Seeing as this is a journey I am on, I must never become content with my present "location", my present "location" is and will never be my destination. Until I stand face to face with the one who created me I should be constantly moving, changing, and growing. Life is a journey, not a destination.

In the same instance I find peace in this. Nothing that life sends my way is permanent, because life is not permanent. (James 4:14, psalms 90:12)

As a pilgrim, if I look around at my surroundings and am not touched and concerned with what I see, or perhaps even find myself taking part in it, I should question myself as to if I have begun to assimilate and quickly correct my focus. (Psalm 9:20)
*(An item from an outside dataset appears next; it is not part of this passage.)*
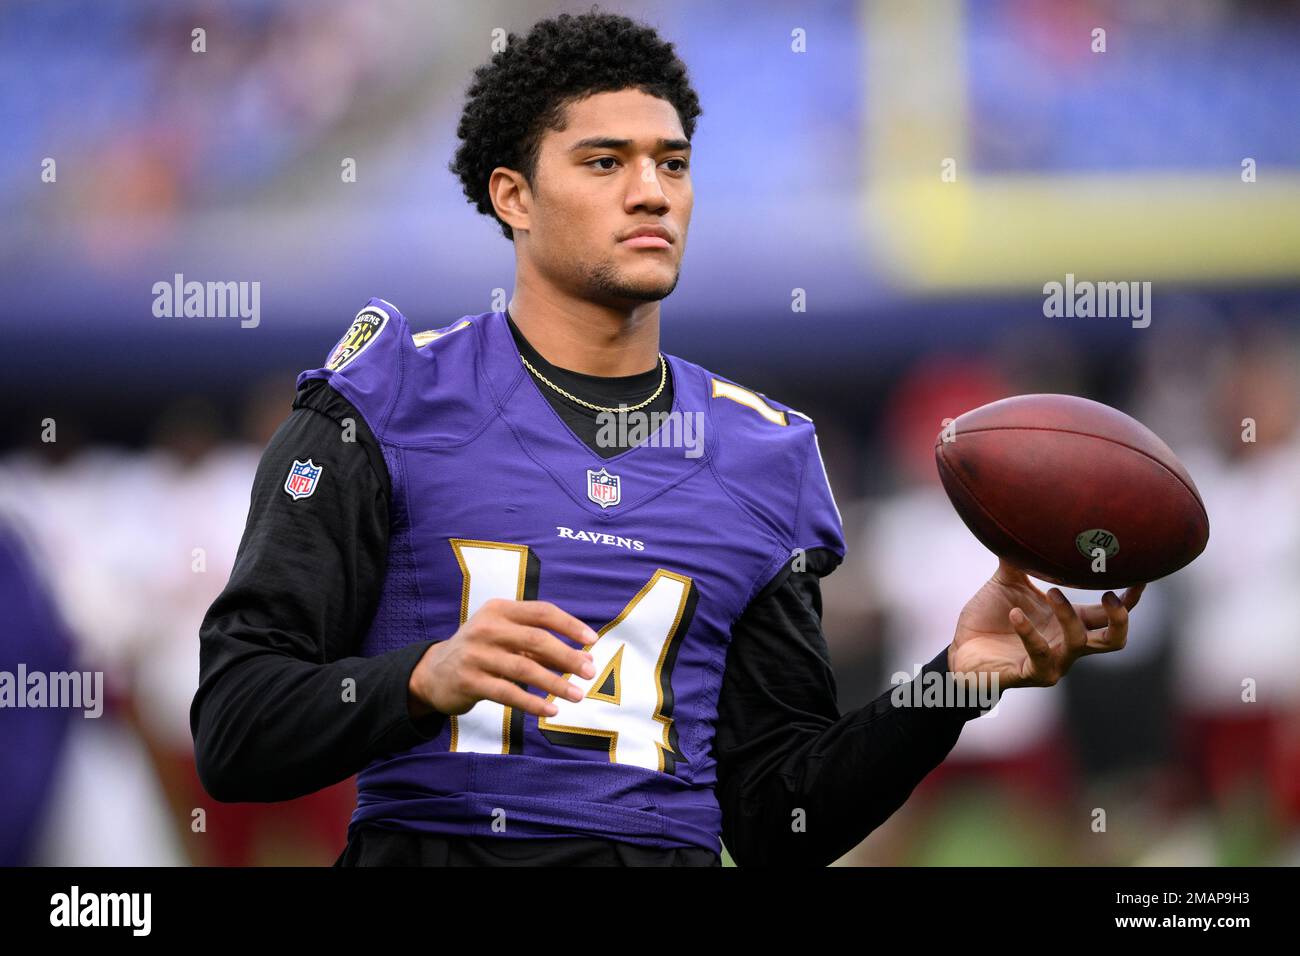 Baltimore Ravens safety Kyle Hamilton (14) looks on before a preseason NFL  football game against the Washington Commanders, Saturday, Aug. 27, 2022,  in Baltimore. (AP Photo/Nick Wass Stock Photo - Alamy

I believe in God's divine will for every pilgrim's life. That means all pilgrims have the same destination, but different journeys to reach that destination. Every commandment and promise in the Bible applies to each of them the same, it's just that it's a big world, and there are different people whose paths God desires each pilgrim's life to cross, so that they too may have the chance to join the journey.

Also, we are all at different stages of our journey in drawing closer to Jesus, and this is ok, the important thing is that we are not sidetracked and still have our eyes on the right road. Don't look at the road God has assigned for your neighbor or the gifts and talents he may have given them that you may feel you are lacking in. Your journey is your journey, He knew what you would need for it before you even began it. (Jeremiah 1:5, Psalm 139:13-16)

I am a pilgrim on a journey....a pilgrim hoping that sharing what God reveals to me on my journey will help in your journey as well.